Work item:
The answer must consist of every line from the entries below that contains the word "Price".

==============================

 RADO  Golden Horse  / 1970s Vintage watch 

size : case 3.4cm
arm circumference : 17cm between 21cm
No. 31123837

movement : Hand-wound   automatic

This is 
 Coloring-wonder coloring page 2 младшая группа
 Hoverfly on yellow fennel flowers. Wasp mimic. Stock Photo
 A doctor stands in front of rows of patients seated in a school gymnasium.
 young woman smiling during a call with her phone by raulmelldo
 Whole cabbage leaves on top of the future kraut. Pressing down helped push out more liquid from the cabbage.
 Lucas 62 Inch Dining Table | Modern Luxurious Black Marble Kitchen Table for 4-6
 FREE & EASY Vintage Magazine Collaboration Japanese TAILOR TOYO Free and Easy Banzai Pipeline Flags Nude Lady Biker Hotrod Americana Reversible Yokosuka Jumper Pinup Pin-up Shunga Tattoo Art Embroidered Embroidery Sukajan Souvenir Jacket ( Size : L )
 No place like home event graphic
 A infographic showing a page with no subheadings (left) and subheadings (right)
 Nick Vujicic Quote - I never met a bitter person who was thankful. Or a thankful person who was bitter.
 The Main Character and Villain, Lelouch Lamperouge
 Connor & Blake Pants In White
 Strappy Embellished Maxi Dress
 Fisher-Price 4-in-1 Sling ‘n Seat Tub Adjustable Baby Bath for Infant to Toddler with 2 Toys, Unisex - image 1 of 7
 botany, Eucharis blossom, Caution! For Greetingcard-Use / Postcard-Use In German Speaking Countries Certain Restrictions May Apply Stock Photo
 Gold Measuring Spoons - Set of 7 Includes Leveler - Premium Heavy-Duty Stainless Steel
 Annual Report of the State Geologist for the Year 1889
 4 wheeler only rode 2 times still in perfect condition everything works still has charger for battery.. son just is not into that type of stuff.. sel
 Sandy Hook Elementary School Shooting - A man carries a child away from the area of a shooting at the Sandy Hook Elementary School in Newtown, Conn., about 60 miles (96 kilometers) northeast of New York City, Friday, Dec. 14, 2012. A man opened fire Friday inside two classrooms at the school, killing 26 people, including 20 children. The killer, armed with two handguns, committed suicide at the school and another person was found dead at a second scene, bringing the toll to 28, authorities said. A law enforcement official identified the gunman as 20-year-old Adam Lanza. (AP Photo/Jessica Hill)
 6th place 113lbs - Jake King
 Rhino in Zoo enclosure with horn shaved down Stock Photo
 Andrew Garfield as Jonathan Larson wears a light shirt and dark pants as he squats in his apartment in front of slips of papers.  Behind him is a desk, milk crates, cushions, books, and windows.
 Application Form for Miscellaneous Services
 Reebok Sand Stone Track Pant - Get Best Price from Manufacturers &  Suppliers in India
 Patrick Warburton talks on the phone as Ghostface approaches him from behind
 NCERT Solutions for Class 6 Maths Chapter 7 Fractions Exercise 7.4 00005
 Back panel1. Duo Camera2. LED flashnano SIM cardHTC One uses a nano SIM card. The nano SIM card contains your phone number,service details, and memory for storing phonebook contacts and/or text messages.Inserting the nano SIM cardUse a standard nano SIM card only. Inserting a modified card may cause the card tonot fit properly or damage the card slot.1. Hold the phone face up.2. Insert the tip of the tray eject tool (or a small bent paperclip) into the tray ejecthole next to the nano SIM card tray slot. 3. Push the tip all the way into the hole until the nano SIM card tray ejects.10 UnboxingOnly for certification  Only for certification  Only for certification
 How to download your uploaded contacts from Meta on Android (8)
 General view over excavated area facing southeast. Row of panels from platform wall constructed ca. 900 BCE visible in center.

==============================

Solution for this task:
 Fisher-Price 4-in-1 Sling ‘n Seat Tub Adjustable Baby Bath for Infant to Toddler with 2 Toys, Unisex - image 1 of 7
 Reebok Sand Stone Track Pant - Get Best Price from Manufacturers &  Suppliers in India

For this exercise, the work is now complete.